[The data]
++++++++++++++++++++
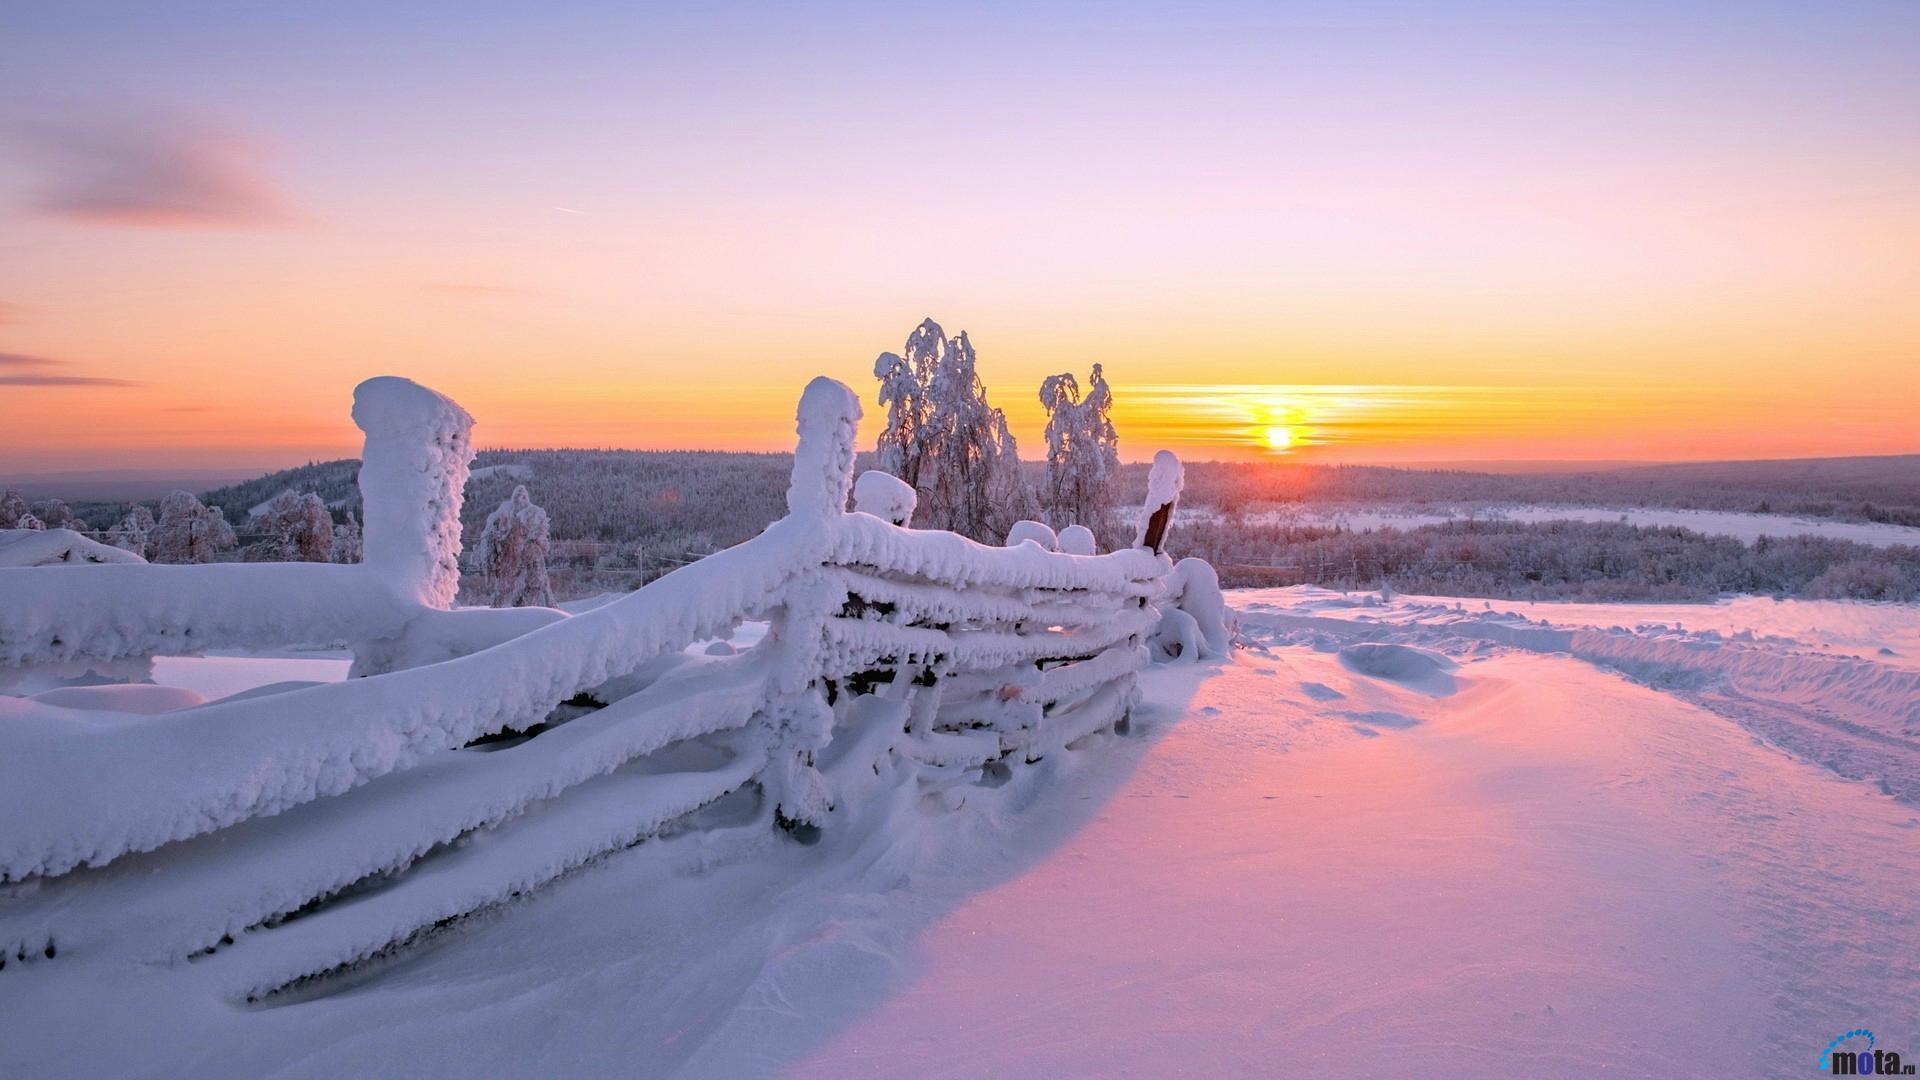 Winter sunrise desktop wallpaper wallpapersafari for Foto inverno per desktop
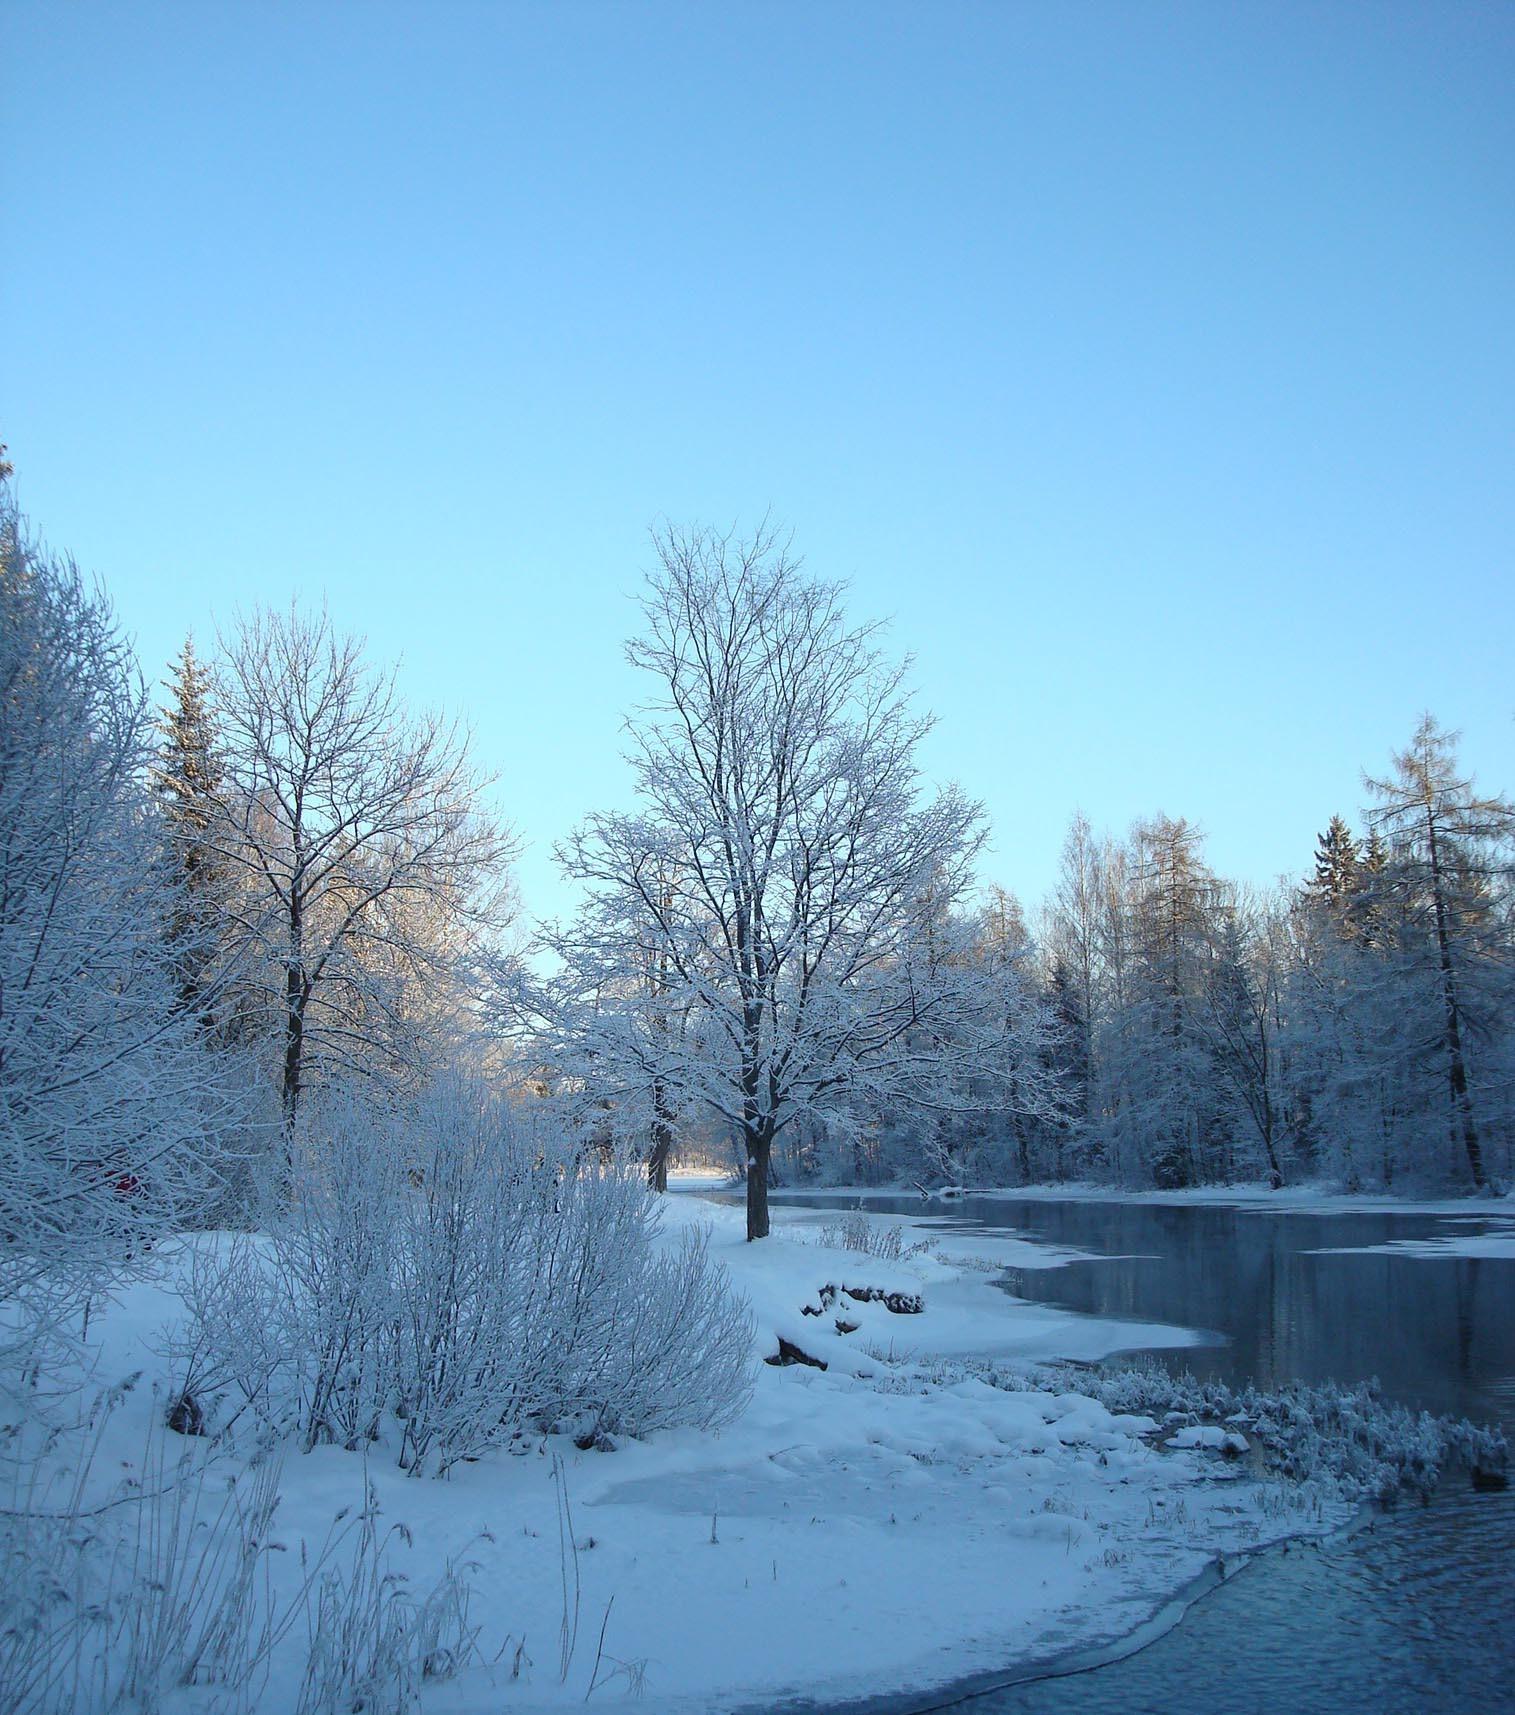 11259 скачать обои Пейзаж, Зима, Река, Деревья, Снег - заставки и картинки бесплатно
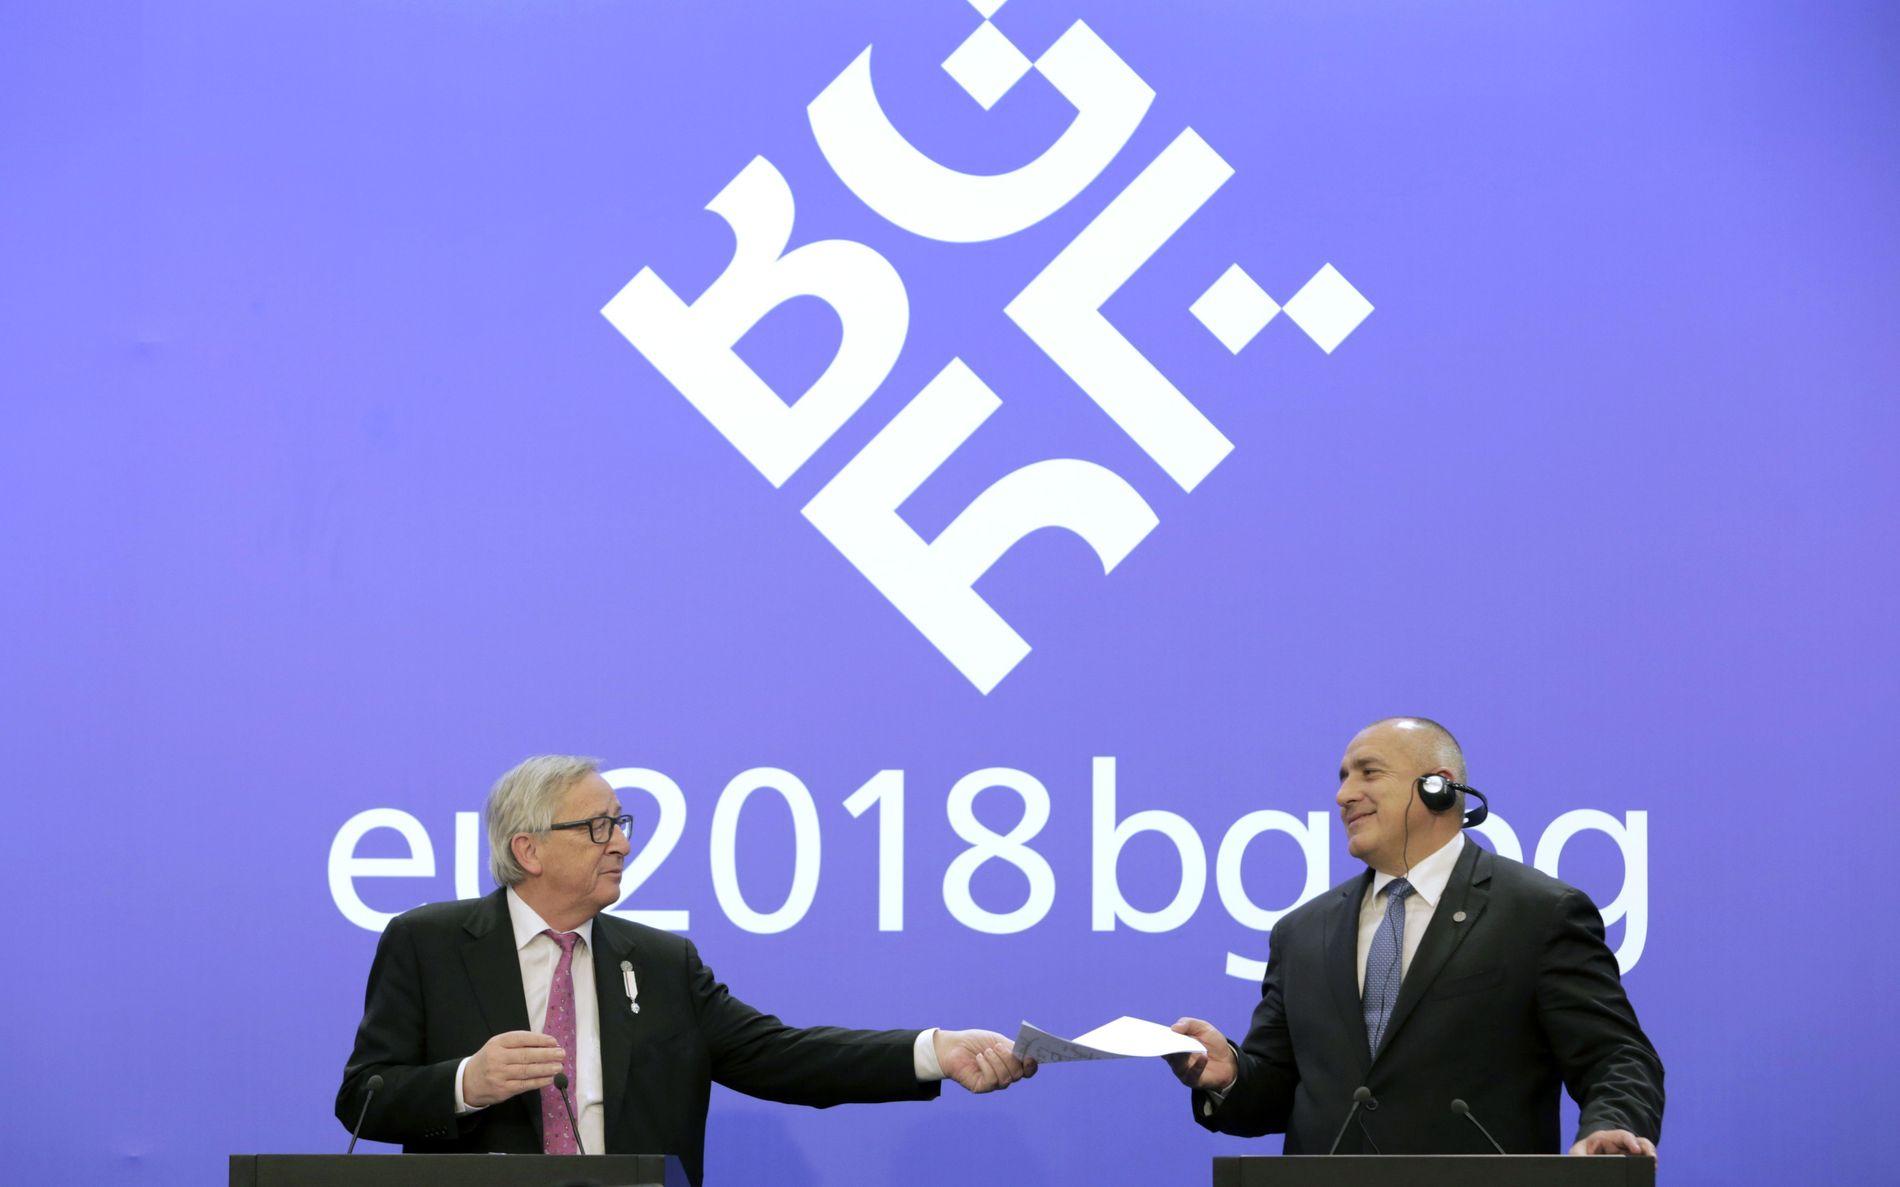 VIL PRIORITERE VEST-BALKAN: EU-kommisjonens president Jean-Claude Juncker (t.v.) sammen med Bulgarias statsminister Bojko Borisov i Sofia fredag. De to har varslet at de dette halvåret vil gi høy prioritet til samtalene med land på Vest-Balkan. Foto: Valentina Petrova / AP / NTB scanpix
++++++++++++++++++++
Could you write out exactly the lines running from the one with "11259 скачать обои" through the last line of the data above, both ends kept, and omit any picture?

[Answer box]
 11259 скачать обои Пейзаж, Зима, Река, Деревья, Снег - заставки и картинки бесплатно
 VIL PRIORITERE VEST-BALKAN: EU-kommisjonens president Jean-Claude Juncker (t.v.) sammen med Bulgarias statsminister Bojko Borisov i Sofia fredag. De to har varslet at de dette halvåret vil gi høy prioritet til samtalene med land på Vest-Balkan. Foto: Valentina Petrova / AP / NTB scanpix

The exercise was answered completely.